Each line of the data should be transcribed exactly as given.

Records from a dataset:
- - -

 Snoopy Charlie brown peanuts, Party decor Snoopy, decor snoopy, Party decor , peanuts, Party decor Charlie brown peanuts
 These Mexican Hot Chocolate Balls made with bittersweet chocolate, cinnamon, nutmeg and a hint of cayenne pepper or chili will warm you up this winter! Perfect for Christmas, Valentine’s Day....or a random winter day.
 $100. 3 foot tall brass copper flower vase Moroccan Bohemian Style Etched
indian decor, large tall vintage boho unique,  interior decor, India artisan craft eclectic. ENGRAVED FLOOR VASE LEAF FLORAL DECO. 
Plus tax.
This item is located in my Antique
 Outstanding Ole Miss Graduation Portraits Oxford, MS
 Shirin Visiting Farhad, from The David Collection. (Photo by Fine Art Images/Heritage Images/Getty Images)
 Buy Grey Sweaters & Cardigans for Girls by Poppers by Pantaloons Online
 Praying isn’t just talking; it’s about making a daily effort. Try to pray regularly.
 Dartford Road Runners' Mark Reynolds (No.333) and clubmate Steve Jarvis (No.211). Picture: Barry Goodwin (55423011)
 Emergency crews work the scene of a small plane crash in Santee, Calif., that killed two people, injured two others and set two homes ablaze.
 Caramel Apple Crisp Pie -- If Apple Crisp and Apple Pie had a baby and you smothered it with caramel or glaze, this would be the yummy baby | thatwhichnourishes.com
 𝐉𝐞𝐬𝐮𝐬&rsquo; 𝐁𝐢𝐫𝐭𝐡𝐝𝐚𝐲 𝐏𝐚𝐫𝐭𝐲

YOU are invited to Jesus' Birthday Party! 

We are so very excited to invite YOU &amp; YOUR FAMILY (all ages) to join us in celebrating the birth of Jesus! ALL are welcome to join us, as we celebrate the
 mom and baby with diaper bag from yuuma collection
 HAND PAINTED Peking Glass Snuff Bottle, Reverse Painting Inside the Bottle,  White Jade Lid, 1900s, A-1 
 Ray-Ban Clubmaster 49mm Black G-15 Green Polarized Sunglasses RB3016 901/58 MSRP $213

- - -

■ **Finished task**:
 Snoopy Charlie brown peanuts, Party decor Snoopy, decor snoopy, Party decor , peanuts, Party decor Charlie brown peanuts
 These Mexican Hot Chocolate Balls made with bittersweet chocolate, cinnamon, nutmeg and a hint of cayenne pepper or chili will warm you up this winter! Perfect for Christmas, Valentine’s Day....or a random winter day.
 $100. 3 foot tall brass copper flower vase Moroccan Bohemian Style Etched
indian decor, large tall vintage boho unique,  interior decor, India artisan craft eclectic. ENGRAVED FLOOR VASE LEAF FLORAL DECO. 
Plus tax.
This item is located in my Antique
 Outstanding Ole Miss Graduation Portraits Oxford, MS
 Shirin Visiting Farhad, from The David Collection. (Photo by Fine Art Images/Heritage Images/Getty Images)
 Buy Grey Sweaters & Cardigans for Girls by Poppers by Pantaloons Online
 Praying isn’t just talking; it’s about making a daily effort. Try to pray regularly.
 Dartford Road Runners' Mark Reynolds (No.333) and clubmate Steve Jarvis (No.211). Picture: Barry Goodwin (55423011)
 Emergency crews work the scene of a small plane crash in Santee, Calif., that killed two people, injured two others and set two homes ablaze.
 Caramel Apple Crisp Pie -- If Apple Crisp and Apple Pie had a baby and you smothered it with caramel or glaze, this would be the yummy baby | thatwhichnourishes.com
 𝐉𝐞𝐬𝐮𝐬&rsquo; 𝐁𝐢𝐫𝐭𝐡𝐝𝐚𝐲 𝐏𝐚𝐫𝐭𝐲

YOU are invited to Jesus' Birthday Party! 

We are so very excited to invite YOU &amp; YOUR FAMILY (all ages) to join us in celebrating the birth of Jesus! ALL are welcome to join us, as we celebrate the
 mom and baby with diaper bag from yuuma collection
 HAND PAINTED Peking Glass Snuff Bottle, Reverse Painting Inside the Bottle,  White Jade Lid, 1900s, A-1 
 Ray-Ban Clubmaster 49mm Black G-15 Green Polarized Sunglasses RB3016 901/58 MSRP $213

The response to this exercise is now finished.